Friday, November 24, 2006

A Groovy Way To Say “No”

Hi Everyone,

I read this article from the blog of a guy called Joseph Plazo. He had an excellent blog, see below for a link, which is well worth a visit.

I thought it was relevant because often in when we talk about persuasion and influence we get drawn into thinking that we are trying to get others to agree to something that we want them to do or think. However it is just as important for us to be able to combat against others who use persuasion and influence techniques against us. One of the most common is the Law of Reciprocation (you scratch my back I'll scratch your for short) it is very powerful and we need to recognise when it is being used and combat against it. The post for Joseph's post is a great example of how elegantly and eloquently say no, particularly when someone is using the law of reciprocation against you. Enjoy.

Jason D.


Refusals are rarely easy to convey. It helps when you are clear in your own mind that you do truly want to say “no”; any ambivalence undermines your authority. A very good motive for saying “no” is simply “I don’t want to.” When you have a precise basis for saying no and desire to name it, do so. Nonetheless, the fact that someone else wants you to do something bestow no obligation on you to secure your decision.

Convey a letter of refusal when giving a negative reply to invitations: personal/business; proposals; requests; propositions; wedding invitations. The following composes a list of best practices for refusal.

1. Appreciate the person for the offer.

2. Affirm your “no,” articulate your regret at having to do so. If fitting, elucidate your position.

3. Finish with a pleasant desire to be of more assistance next time, to accomodate the person again. Shun lengthy, involved justification and apologies; they are far from convincing, even if true.

4. Eschew phrases like “you may think,” “according to you,” “you claim.” Restate the person’s appeal, grievance, or angry letter in an impassive, factual manner.

5. Never attribute your rejection to someone else’s actions (“my spouse doesn’t care for . ,) except in the incidental way that, for illustration, a prior rendezvous prevents you from accomplishing something.

6. Evade outright deceit.

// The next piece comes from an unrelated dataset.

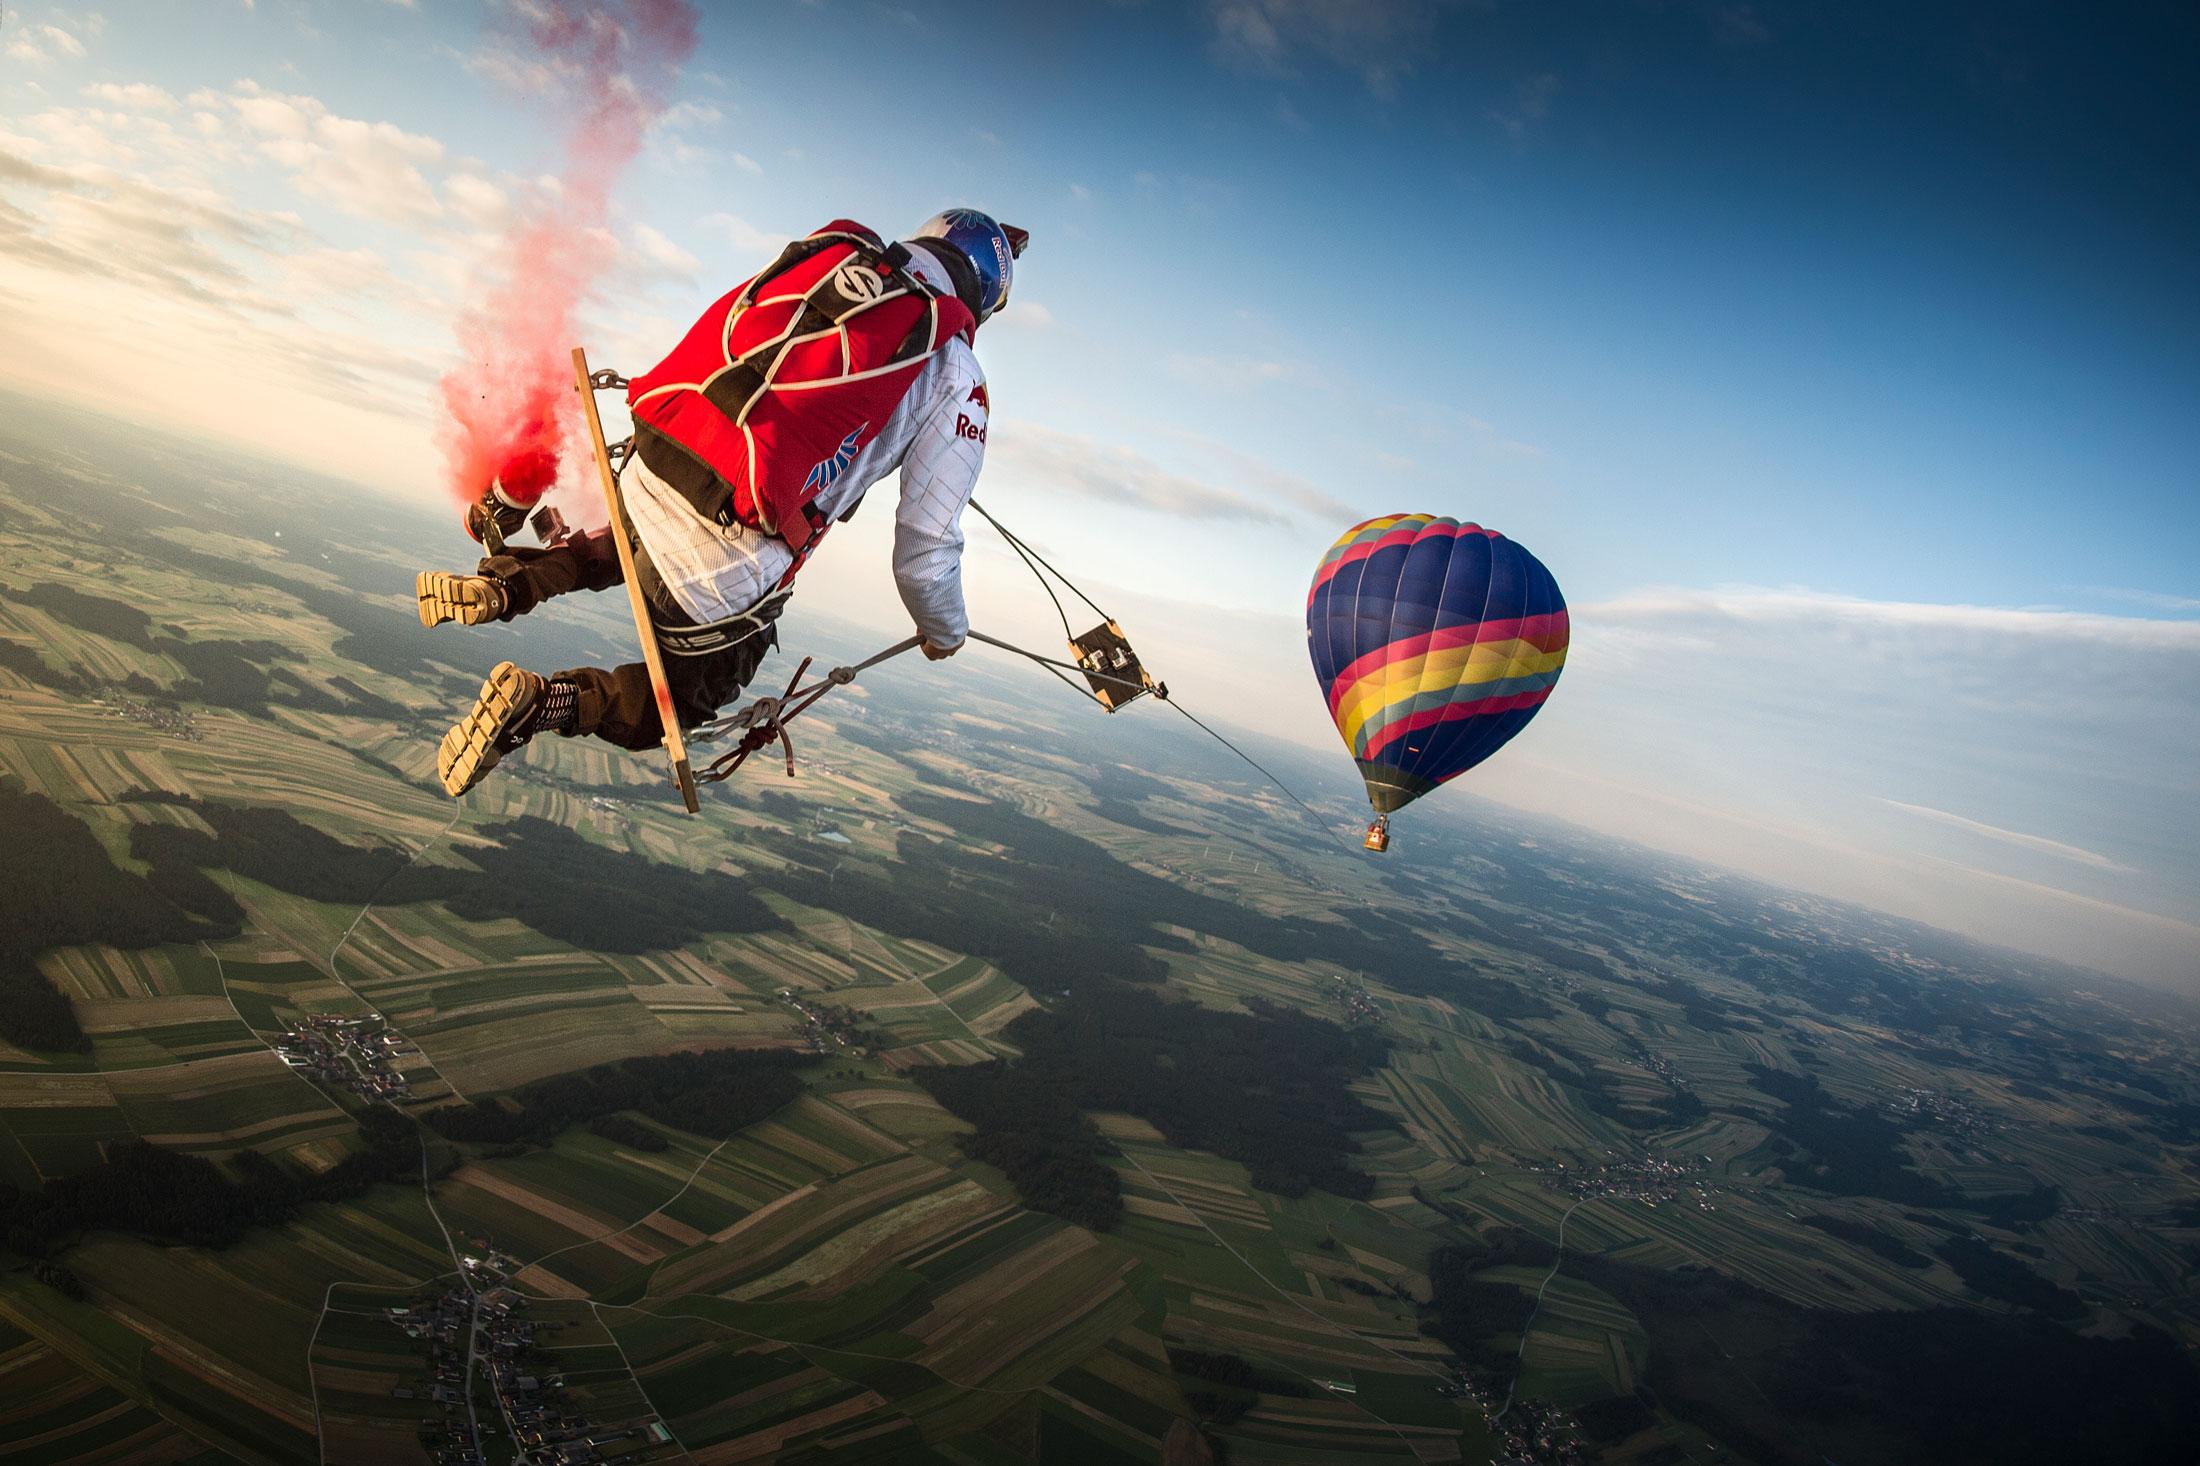 Red Bull Skydive >> Red Bull Skydive Team Adi Sumic

It is too easy to be trapped , and you will be a lot more relaxed with yourself and with the other person the next time you meet if you stick to the truth.

Bear in mind the following tips when writing a refusal letter:

1. Begin your rejection with a “thank you,” if appropriate: “Thank you for your invitation, request, proposition, offer.”

2. Relish tact. Minimize reflecting on the person you’re writing to or on their request. Condition your refusal in terms of some inability on your part such as will be flying out,” or simply “will be unable to attend”.

3. At all times keep your reply even-tempered and impassive.

4. When possible, minimize the proponent’s disenchantment: Offer to help at a later period; propose someone else who might be able to provide the same aid; apologize for your inability to endorse the request; show some advantage to them from your rejection, then appreciate them for their interest/request/concern.

5. Keep in mind that small things as shuffling the order of your phrases can soften the rejection. You might opt to give the reason for your refusal before actually stating the refusal.